* TRY IT *
Leaving the pictures aside, repeat each line below exactly.

* DATA FOR THIS EXERCISE *
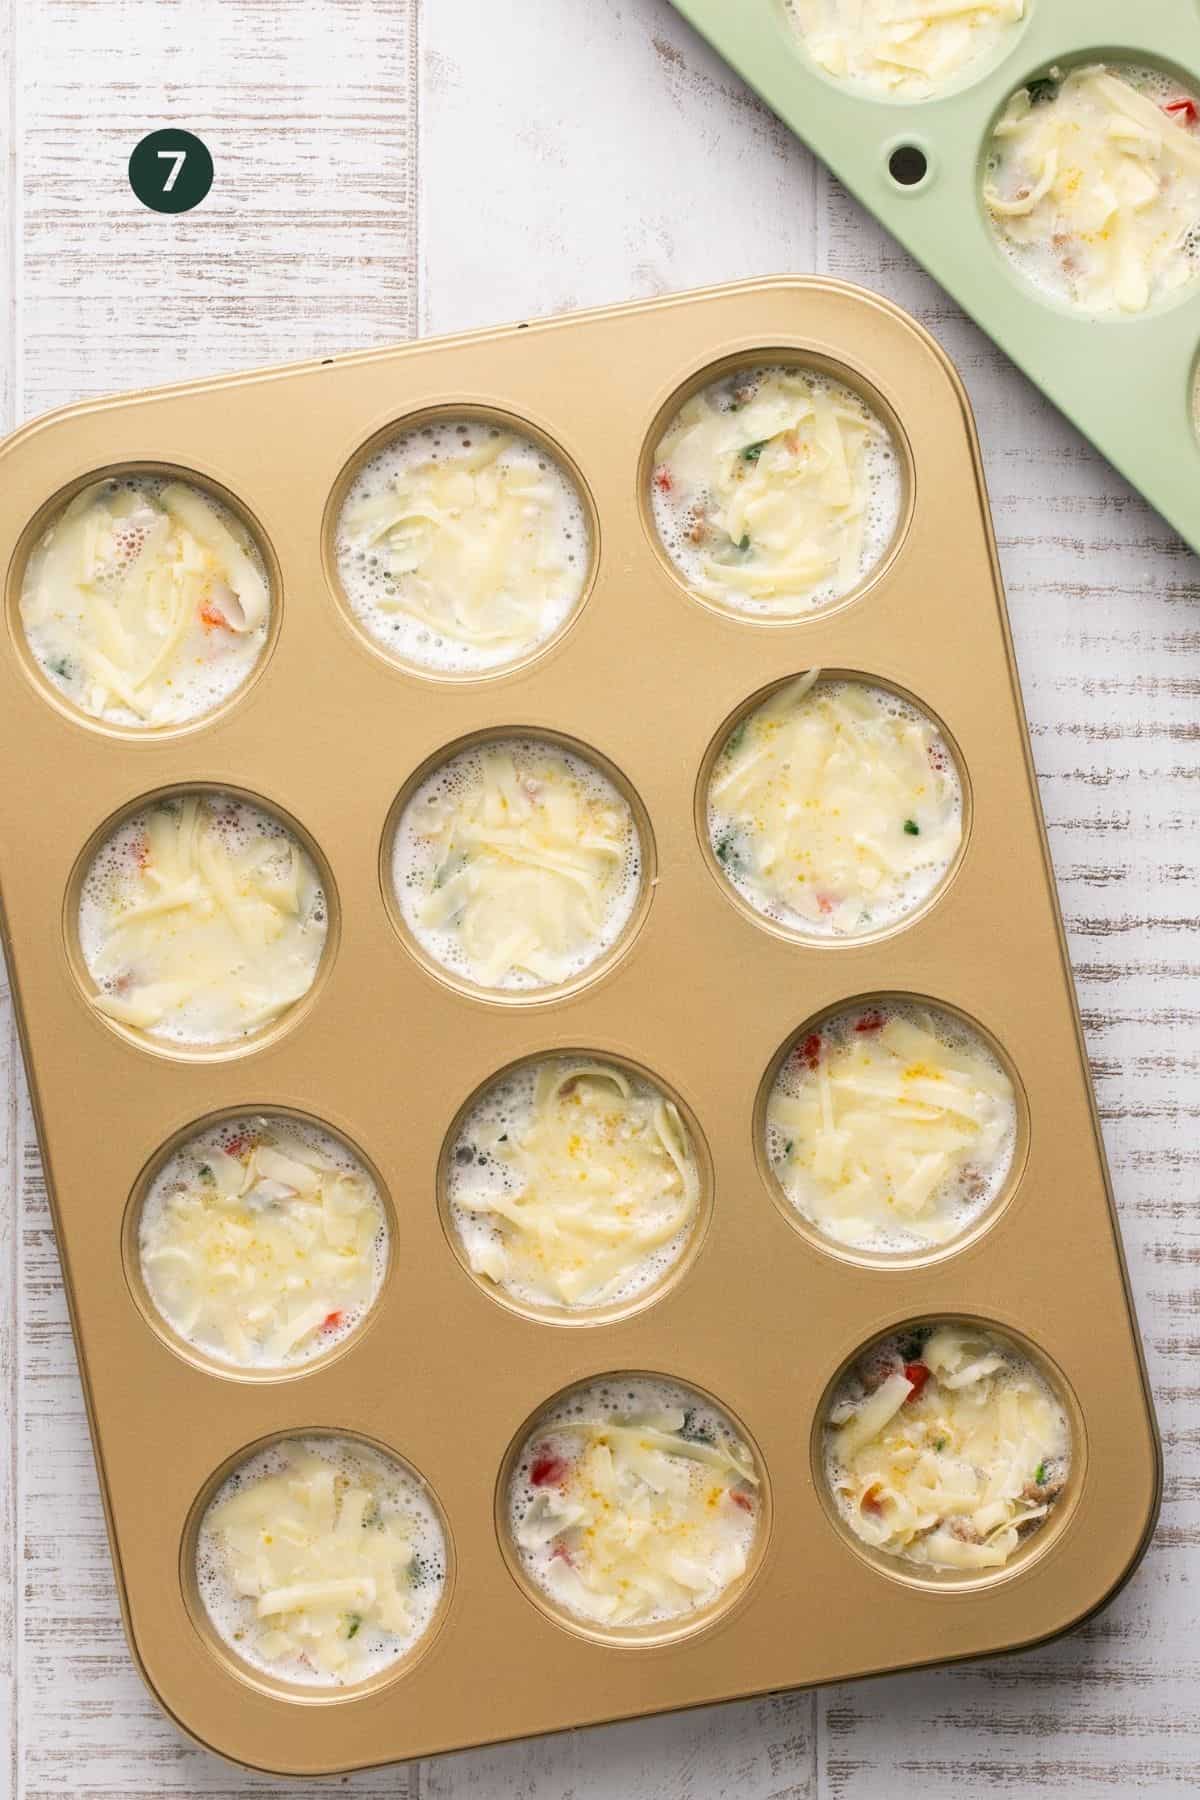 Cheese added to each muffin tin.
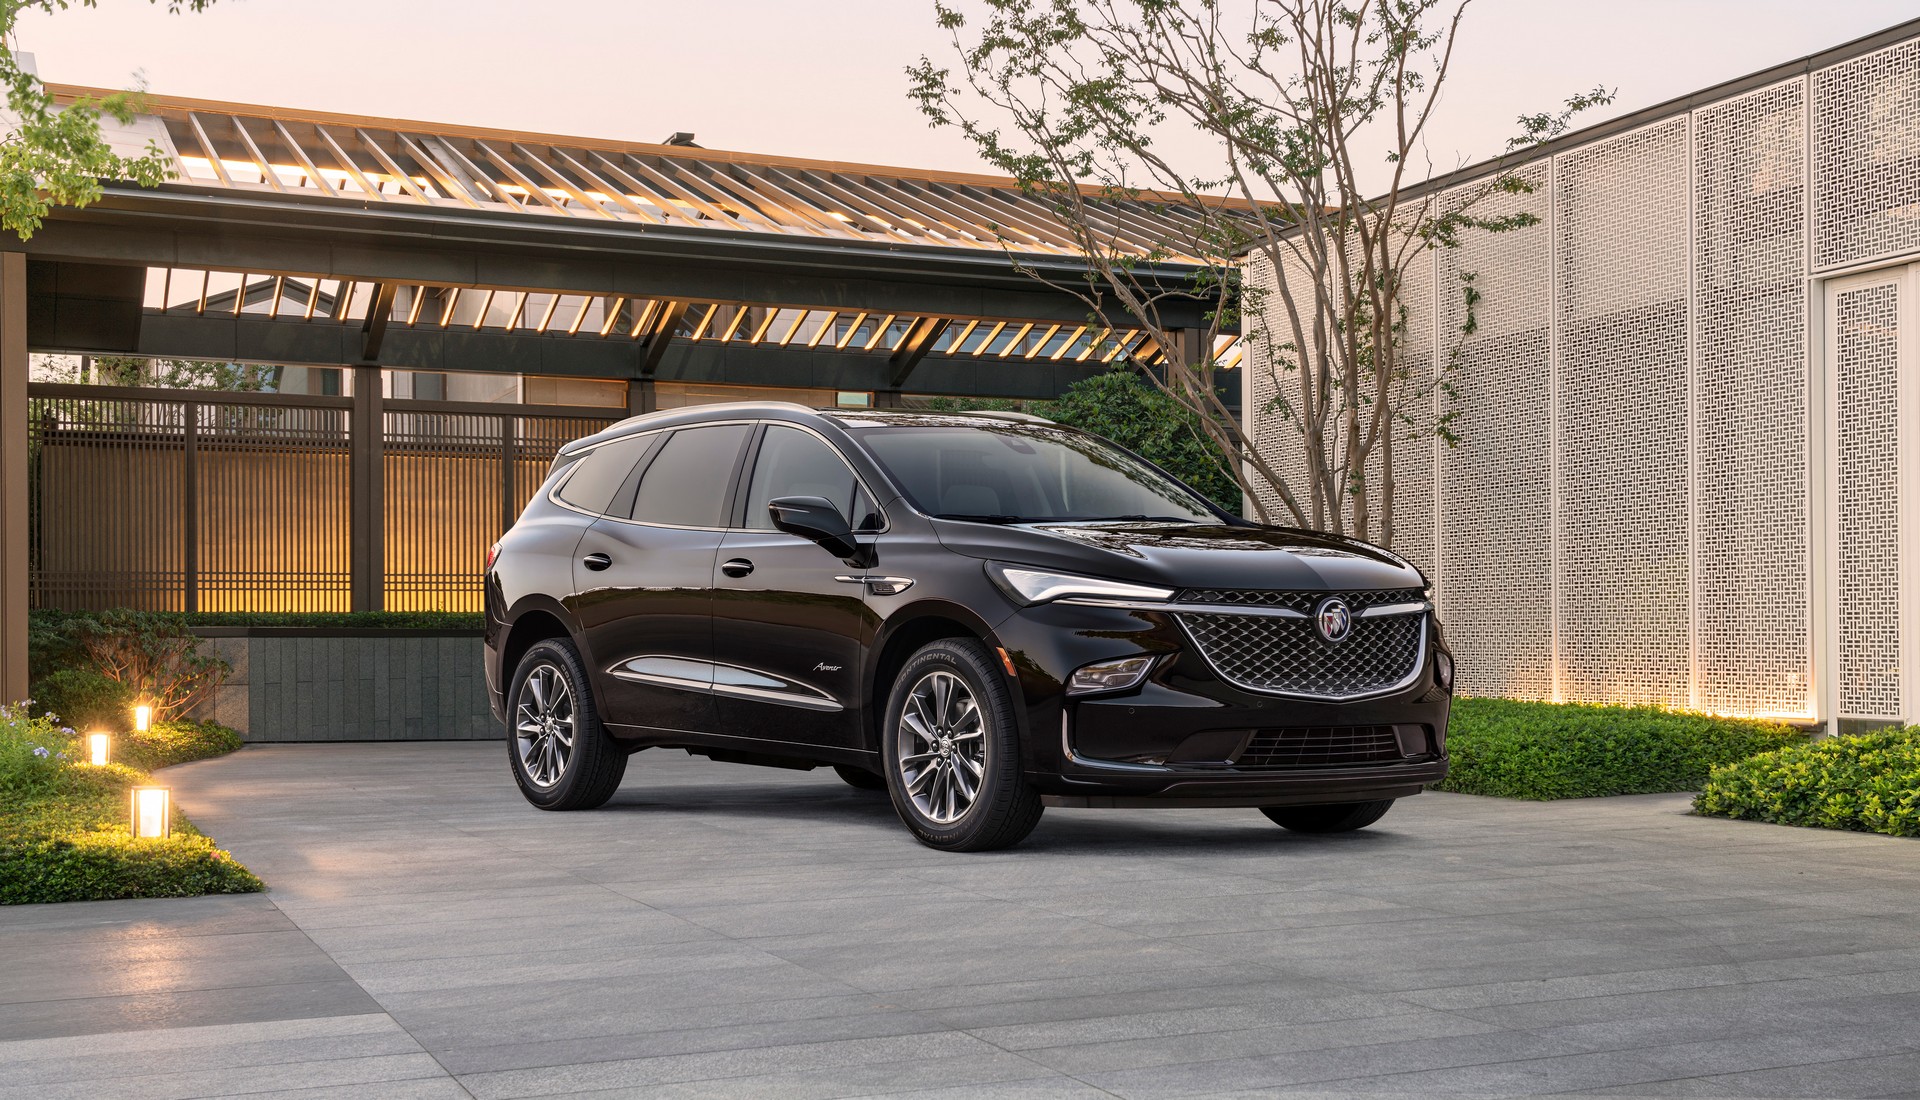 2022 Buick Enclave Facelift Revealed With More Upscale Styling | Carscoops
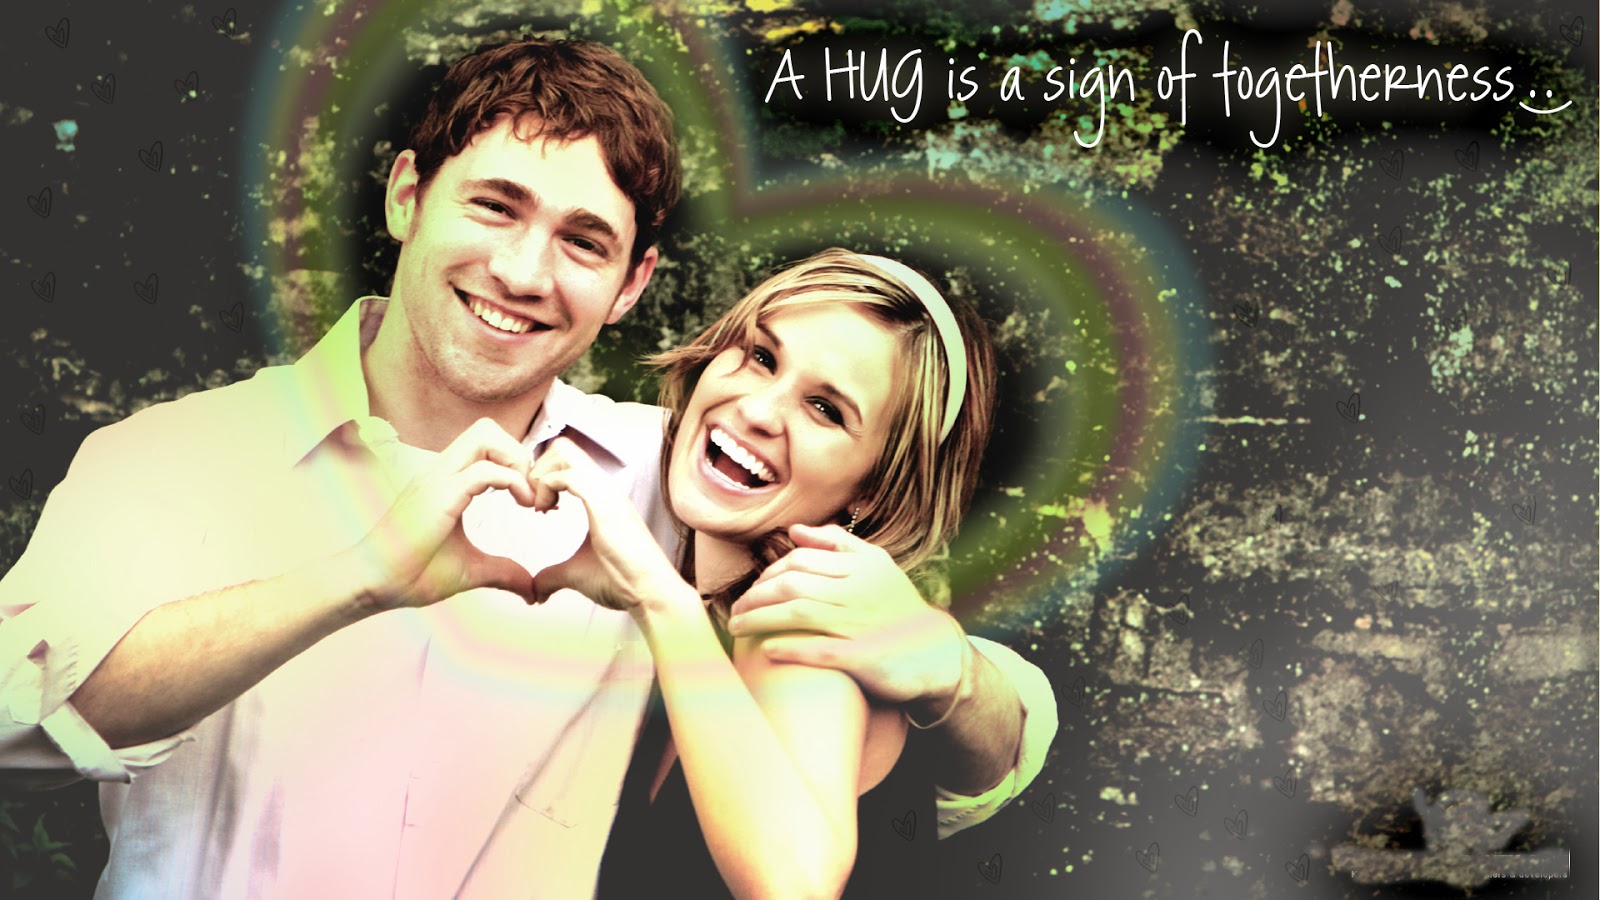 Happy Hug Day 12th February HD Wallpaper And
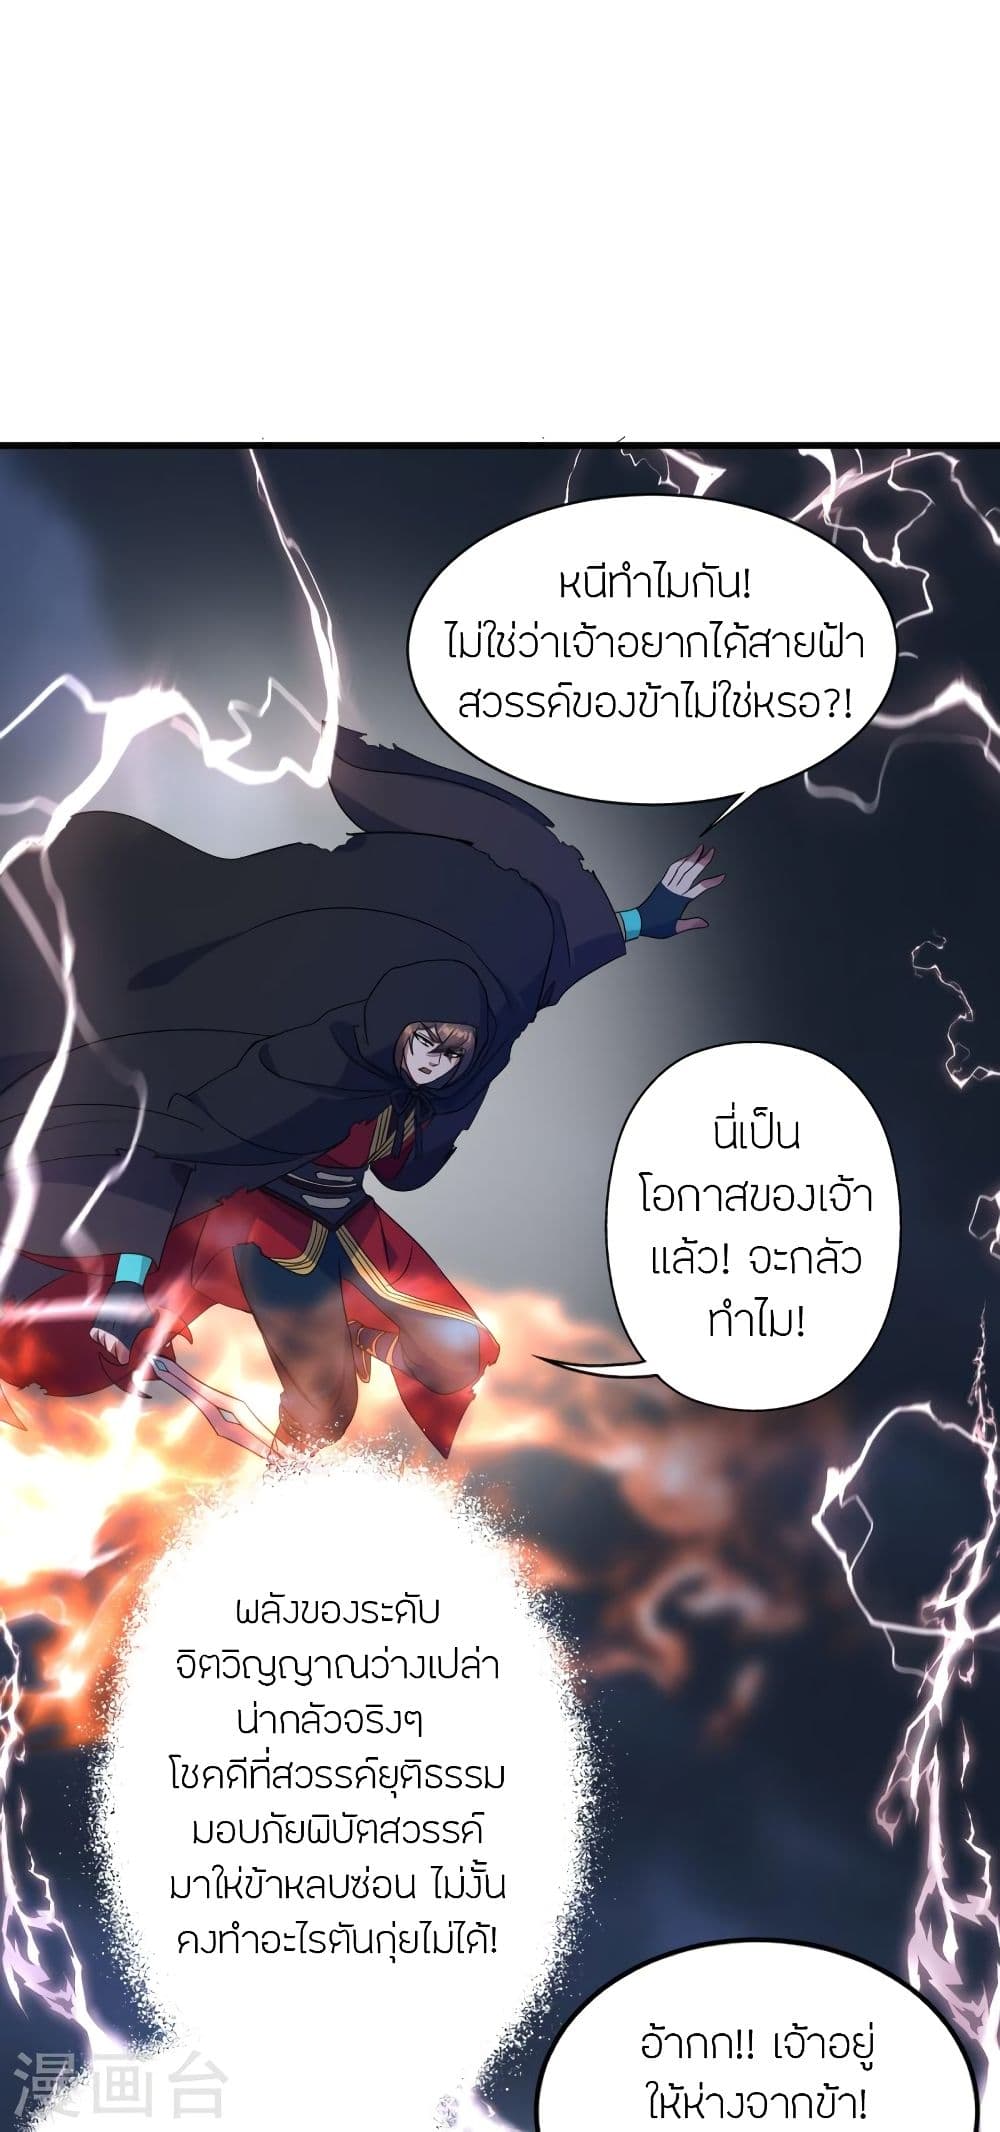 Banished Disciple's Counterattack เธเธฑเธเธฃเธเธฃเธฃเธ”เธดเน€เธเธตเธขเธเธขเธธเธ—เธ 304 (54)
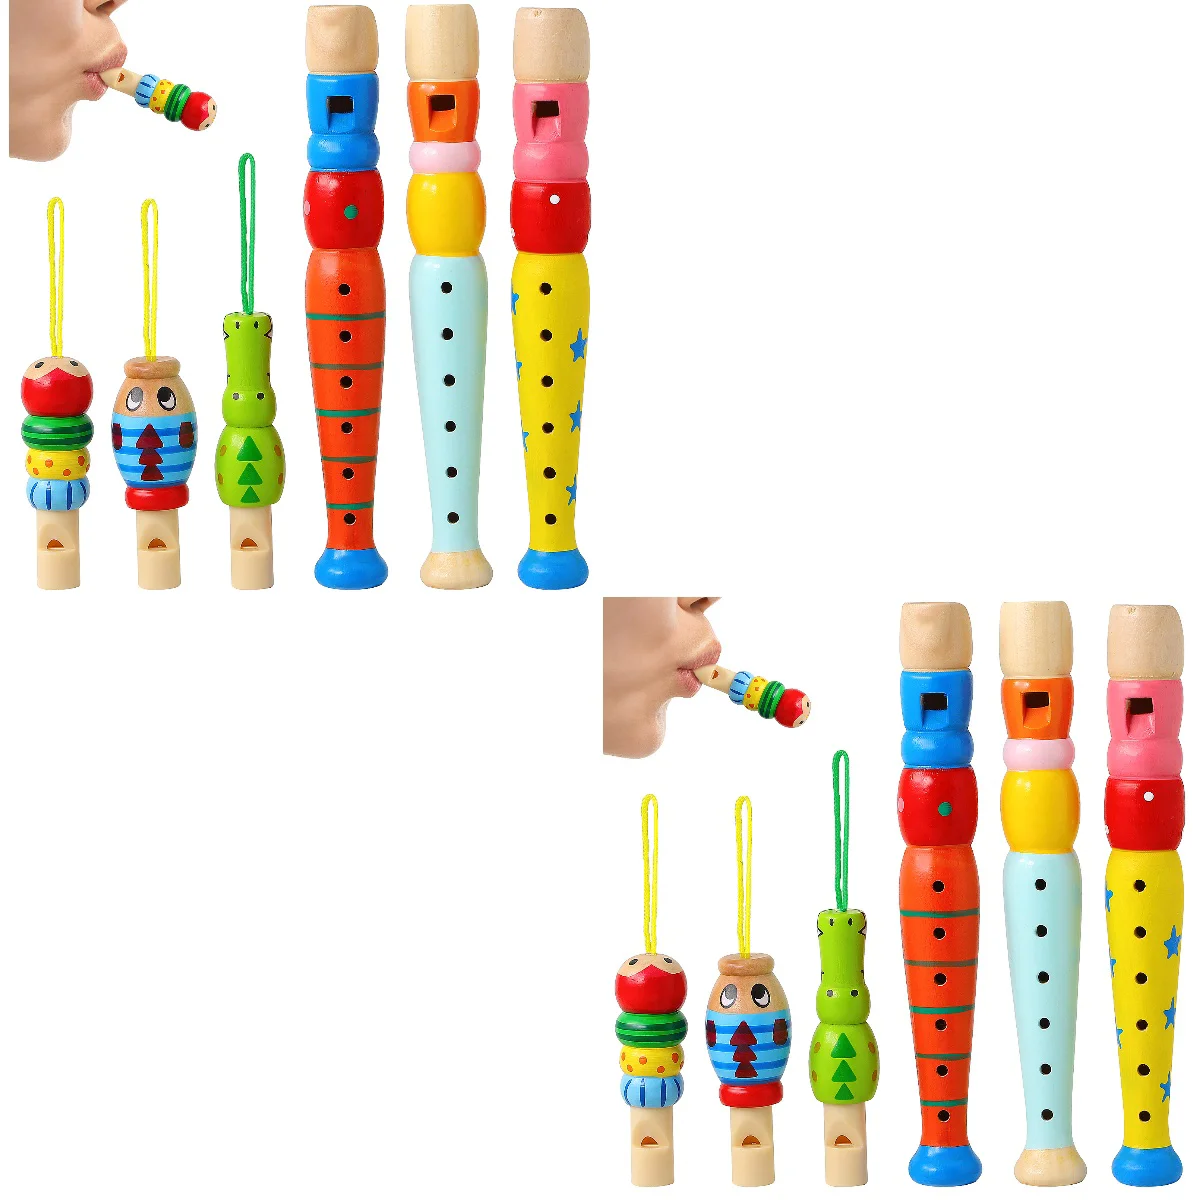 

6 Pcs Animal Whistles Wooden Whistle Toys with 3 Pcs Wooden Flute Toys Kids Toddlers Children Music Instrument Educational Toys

* TASK SOLUTION *
 Cheese added to each muffin tin.
 2022 Buick Enclave Facelift Revealed With More Upscale Styling | Carscoops
 Happy Hug Day 12th February HD Wallpaper And
 Banished Disciple's Counterattack เธเธฑเธเธฃเธเธฃเธฃเธ”เธดเน€เธเธตเธขเธเธขเธธเธ—เธ 304 (54)

6 Pcs Animal Whistles Wooden Whistle Toys with 3 Pcs Wooden Flute Toys Kids Toddlers Children Music Instrument Educational Toys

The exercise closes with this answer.